All the three models are externally validated with validation set of eight compounds. On the basis of predictive power model 1 is selected by internal validation. A validation set is constructed with the other five molecules and external validation is done using descriptors of the model 1. Observed activity Vs calculated activity graph for validation set shows that all compounds of this set located symmetrically around the best fit line (Fig. 6). Thus model 1 are externally validated with five compounds with the values 0.980 and 0.9606 for the correlation coefficient R and the squared correlation coefficient r2(R) respectively.

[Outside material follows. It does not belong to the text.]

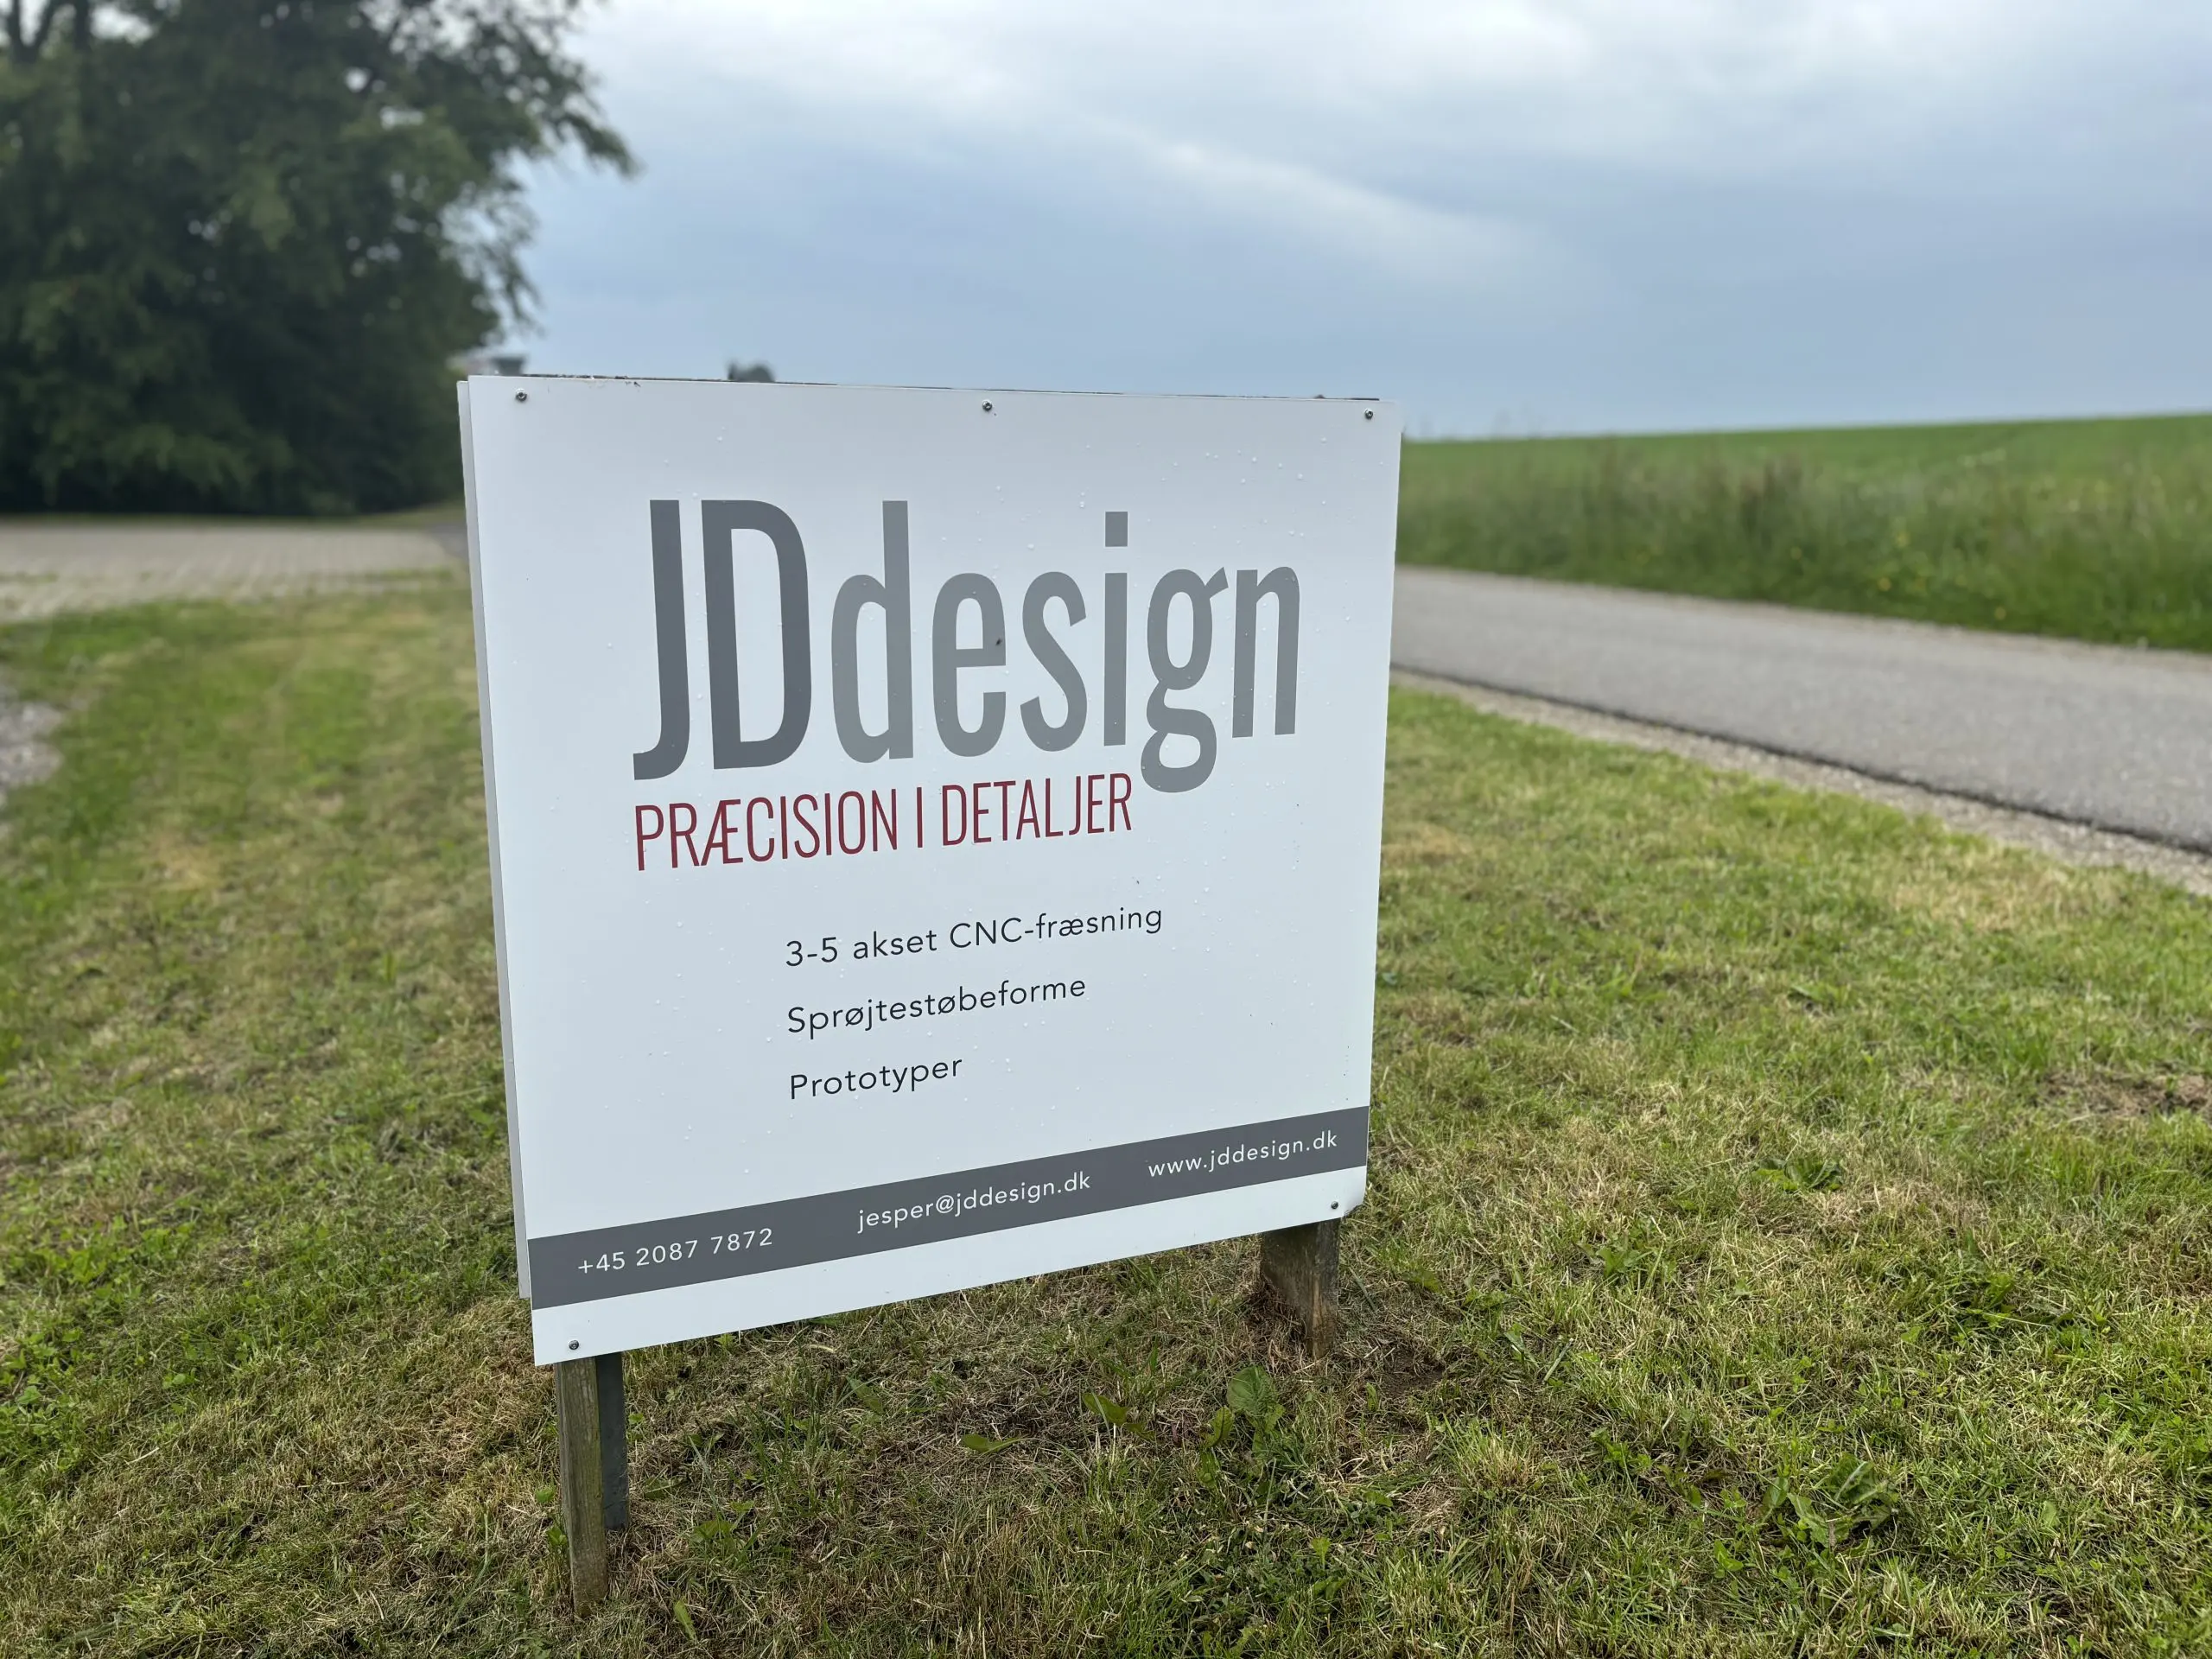 JDdesign producerer lokalt. Med præcision i detaljer.

$$ \begin{aligned} & log\,\left( {PI/100 - PI} \right) = - \,0.3700\,\left( { \pm 2.0994} \right)\,SPC - 6 + 0.8626\,\left( { \pm 4.2198} \right)\,MDEC - 12 \\ & \quad + 123.0171\,\left( { \pm 1003.2860} \right)\,BCUTw - 1h - 1967.2691\,\left( { \pm 16043.2591} \right) \\ \end{aligned} $$
$${{\left( {n = 5;\,R = 0.980;\,s = 0.043;\,F = 8.120;\,p = 0.2512;\,Q^{2} = Not\,Pred.;\,SPress = Not\,Pred.;\,SDEP = Not\,Pred.} \right)} }$$

6 Conclusion

Innumerable QSAR models have been built in last 50 years drug designing of antimycobacterial agents [30], antituberculosis agents [31], acetylcholinesterase inhibitors [31] and estrogen receptor agonist and antagonists [32]. Mast cell stabilizers can act as inhibitors on human basophil cells and thus they are potent anti allergic drugs.In earlier work, Unangst et al. in 1989 concludes that N –phenyl analogue of indolecarboxamidotetrazole inhibits histamine release from human leukocytes after stimulating with anti-IgE antibody (18), compared to the substitution N-H and N-methyl compounds. These compounds are marked as compound no. 7, 11 and 16 in our dataset respectively and their calculated activity using QSAR model correlates with their observed activity. In this QSAR model developed by using multiple linear regression (MLR) analysis, the cross-validated values of maximum Q2 and minimum SDEP correlates with the goodness of prediction, whereas the non-cross-validated conventional correlation coefficient (R2) defines the goodness of fit of the model. Based on the most predictable QSAR model 1, it can be inferred that inhibitory activity will be decreased with the following substituent, namely halogen substitution in 5th position at R1 of indole ring, OEt, OCH(Me)2 substitutions in R3 of indole ring. The model is also valid for other five carboxamidotetrazole derivatives of furan, thiophene, naphthalene and benzothiophene derivatives. So, it can be concluded that irrespective of nature of substituents the basic structure of this twenty one compounds are responsible for their action as mast cell stabilizer.

We hope that the derived models and effect of substituents can be used in searching more potential mast cell stabilizers from the natural resources prior to experimental evaluation for our future work.